Inference Speed Considerations
Flow matching enables faster sampling than traditional diffusion models:
| Inference Steps | Latency (approx) | Quality |
|---|
| 1 | ~10ms | Low (single-step approximation) |
| 5 | ~50ms | Medium (good for real-time) |
| 10 | ~100ms | High (recommended default) |
| 20+ | ~200ms+ | Very high (diminishing returns) |
For autonomous driving, 5-10 steps typically provide the best speed/quality tradeoff.

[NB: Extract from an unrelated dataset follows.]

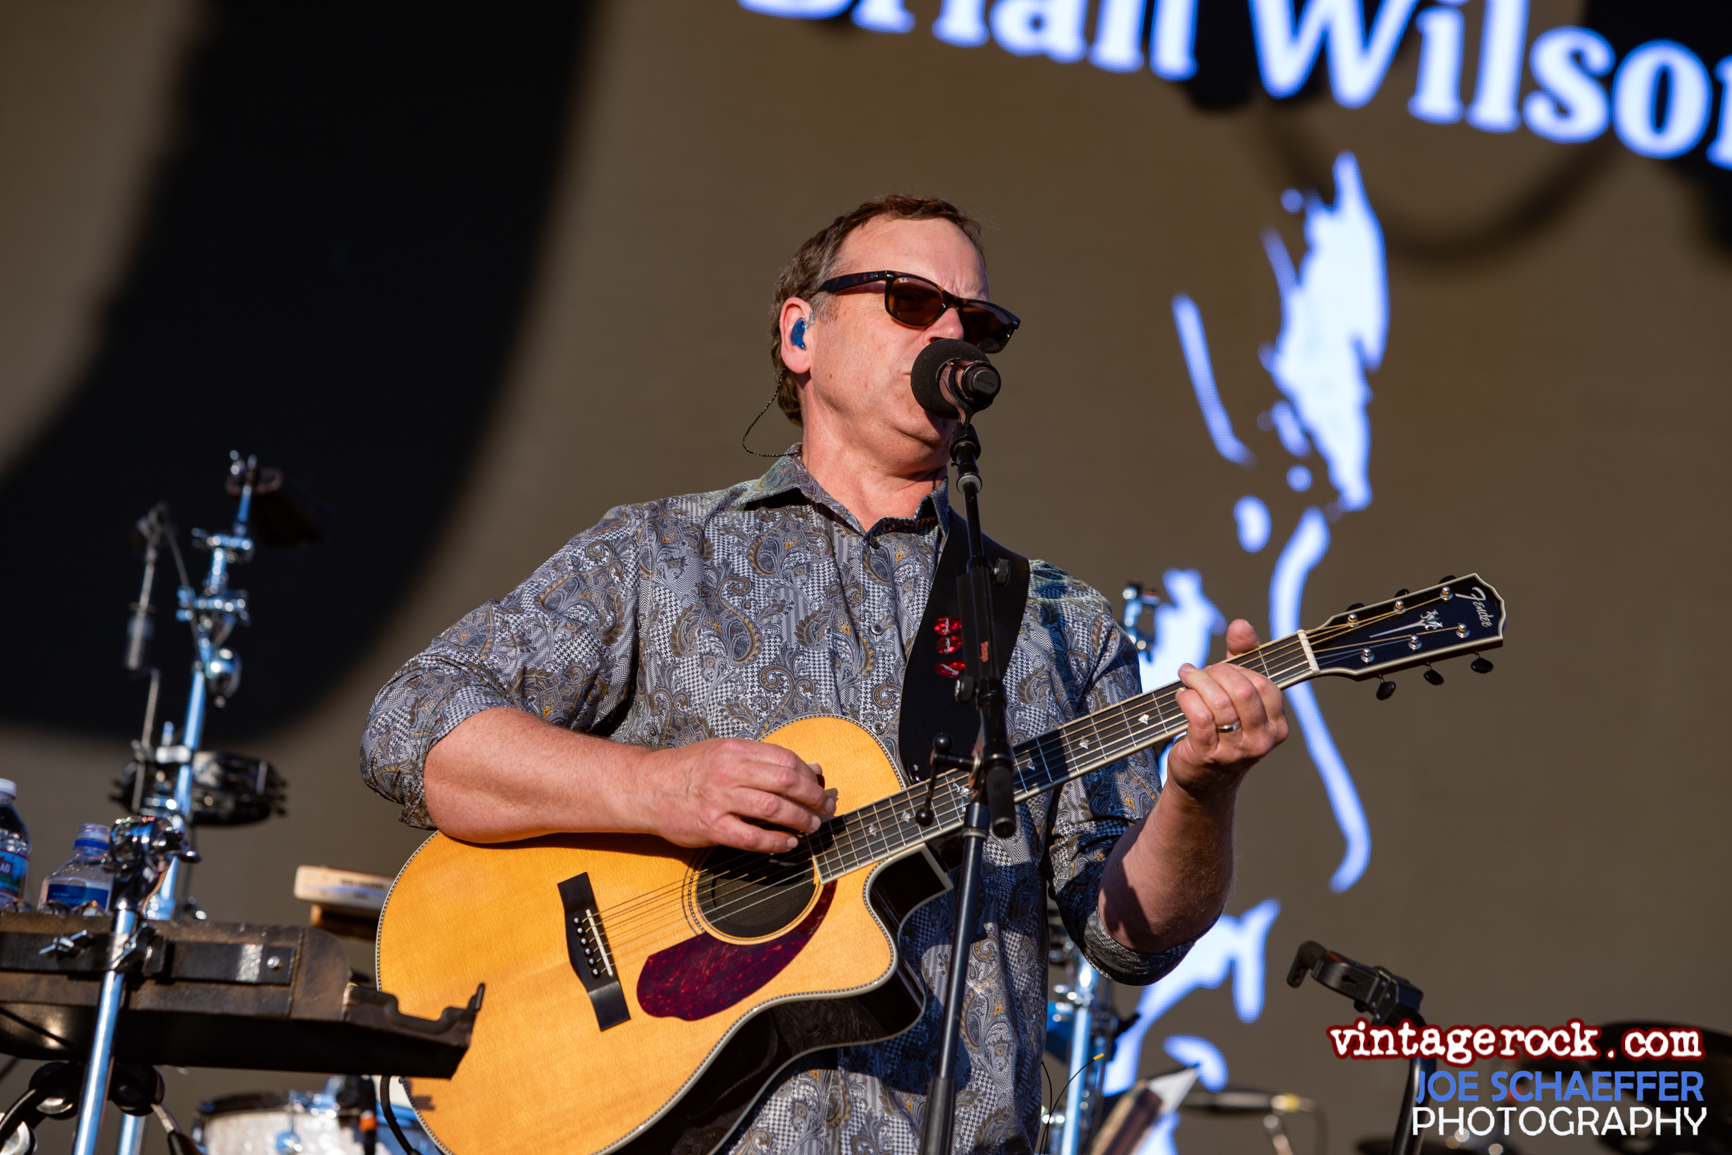 Tour — Brian Wilson
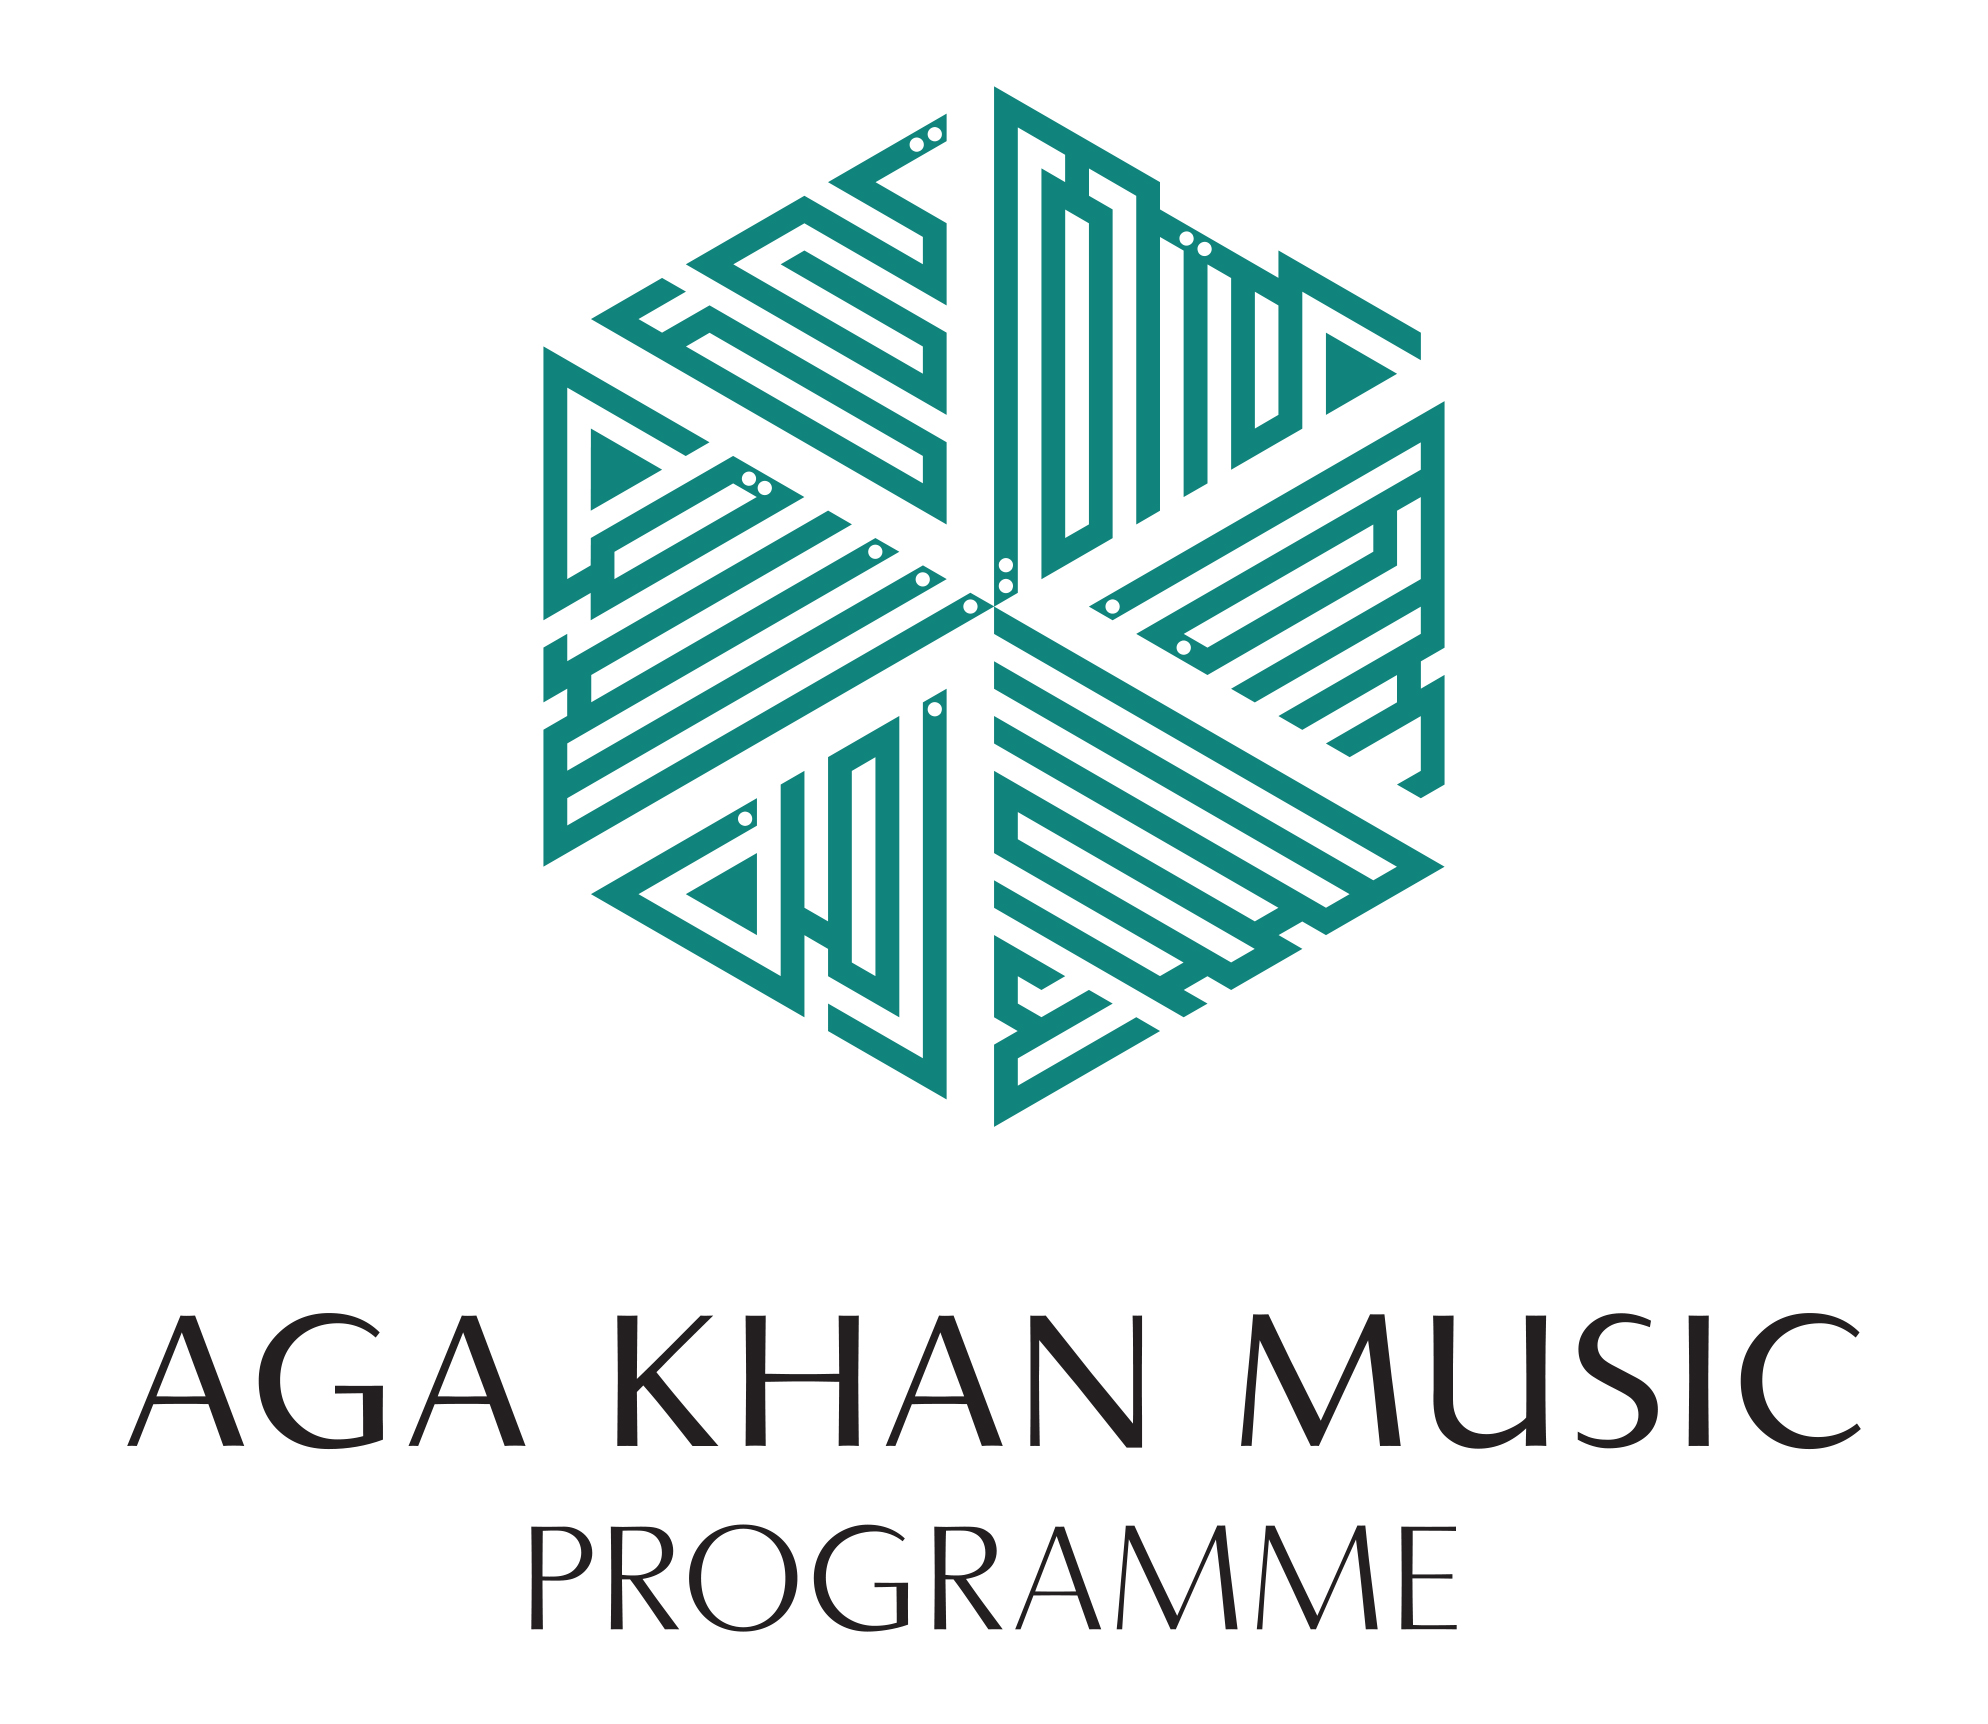 Aga Khan Music Programme

Advanced: Conditional Generation
Flow matching naturally supports conditional generation by including observations in the step function:
def conditional_step_fn(x: torch.Tensor, t: torch.Tensor) -> torch.Tensor:
# Combine noisy actions with observations
features = encoder(
camera_images=images, # Visual context
lidar_points=lidar, # 3D scene geometry
history_traj=hist_xyz, # Past motion
map_features=map_data, # HD map
)
# Predict velocity conditioned on all context
velocity = denoiser(
x=x, # Current noisy actions
t=t, # Timestep
context=features, # Conditioning information
)
return velocity
# Sample trajectories conditioned on observations
actions = diffusion.sample(
batch_size=32,
step_fn=conditional_step_fn,
)
This conditioning allows the model to generate context-aware, scene-appropriate trajectories.
Best Practices
- Start with 10 inference steps: Good balance of speed and quality
- Use FP16/BF16: Mixed precision can speed up sampling 2x with minimal quality loss
- Batch inference: Process multiple samples in parallel for efficiency
- Cache features: If generating multiple samples for the same scene, encode observations once
- Compile models: Use
torch.compile() for faster step function execution
Comparison to Other Diffusion Methods
| Method | Training | Sampling Speed | Implementation Complexity |
|---|
| DDPM | Stable | Slow (100+ steps) | Medium |
| DDIM | Stable | Medium (20-50 steps) | Medium |
| Flow Matching | Very stable | Fast (5-10 steps) | Low |
Flow matching’s straight paths in probability space (rather than noisy random walks) enable fewer sampling steps while maintaining quality.
References
See the source code at diffusion/base.py and diffusion/flow_matching.py for full implementation details.